The biggest challenge, Cohen always said of the case, was not the Supreme Court argument, but getting the case back in state court so it could be appealed.

After devising a strategy to do so, the judge who sentenced the Lovings roundly rejected the request to set aside the conviction, giving the lawyers a ruling that could be appealed.

“Almighty God created the races white, black, yellow, Malay and red, and he placed them on separate continents, and but for the interference with His arrangement there would be no cause for such marriages,” the judge wrote in upholding the sentence. “The fact that He separated the races shows that He did not intend for the races to mix.”

Before arguing the case before the Supreme Court, Cohen said he tried to explain to Richard Loving the legal doctrines he would use.

“He was very country, sort of rough,” Cohen told the Associated Press in 1992. “[He] just said, ’Tell them I don’t understand why if a man loves a woman he can’t marry her no matter what her color.’”

‘A real legal eagle’

Following the landmark case, Cohen continued a legal career, but also veered into politics. He was elected to the House of Delegates in Virginia in 1979 representing the Alexandria area, and served eight terms.

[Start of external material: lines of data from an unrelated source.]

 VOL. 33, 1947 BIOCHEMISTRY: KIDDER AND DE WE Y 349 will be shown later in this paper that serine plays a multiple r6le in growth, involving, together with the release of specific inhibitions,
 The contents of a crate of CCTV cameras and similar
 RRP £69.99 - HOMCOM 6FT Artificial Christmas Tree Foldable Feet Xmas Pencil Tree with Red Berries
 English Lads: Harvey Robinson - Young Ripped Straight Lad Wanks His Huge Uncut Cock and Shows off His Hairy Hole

During a 16-year career in the state House of Delegates, Cohen ran as “an unabashed liberal” and reveled in introducing controversial legislation. In 1983, he sponsored a resolution in favor of a nuclear freeze that won passage in the House but stalled in the Senate after a Reagan administration official testified against it. Cohen blamed the defeat on “kooks in the defense Department.”

He successfully advocated legislation banning smoking in public places in an era when the tobacco industry was a political powerhouse in Richmond.

Brian Moran, who succeeded Cohen in the legislature and is now Virginia’s secretary of public safety and homeland security, said Cohen opted to retire in 1995 because he had grown weary of campaigning — arthritis made shaking hands painful, and he’d come to loath door-knocking after getting attacked by a dog.

Cohen endorsed Moran as his successor because he wanted a lawyer to hold the seat.

“He was a real legal eagle. [He] respected the law, and wanted a lawyer to succeed him,” Moran said. “He was a distinguished legislator, extremely bright.”

His advocacy on behalf of the Lovings rarely came up in his political campaigns. Moran said many of his legislative colleagues were unaware of it.

Bennett Cohen said his sense was that the civil rights cases of the 1960s weren’t on people’s immediate minds in the ’80s and ’90s, when his father was active in politics. The Loving case, though, had a huge resurgence in public interest in the last decade, in part driven by the documentary and the 2016 Hollywood feature film “Loving,” but even more so by the parallels people saw between the Loving case and the debate over same-sex marriages.

Bennett Cohen noted that on Monday, the day his dad died, vice presidential nominee Kamala Harris talked about the Loving case during the Supreme Court confirmation hearings for Amy Coney Barrett.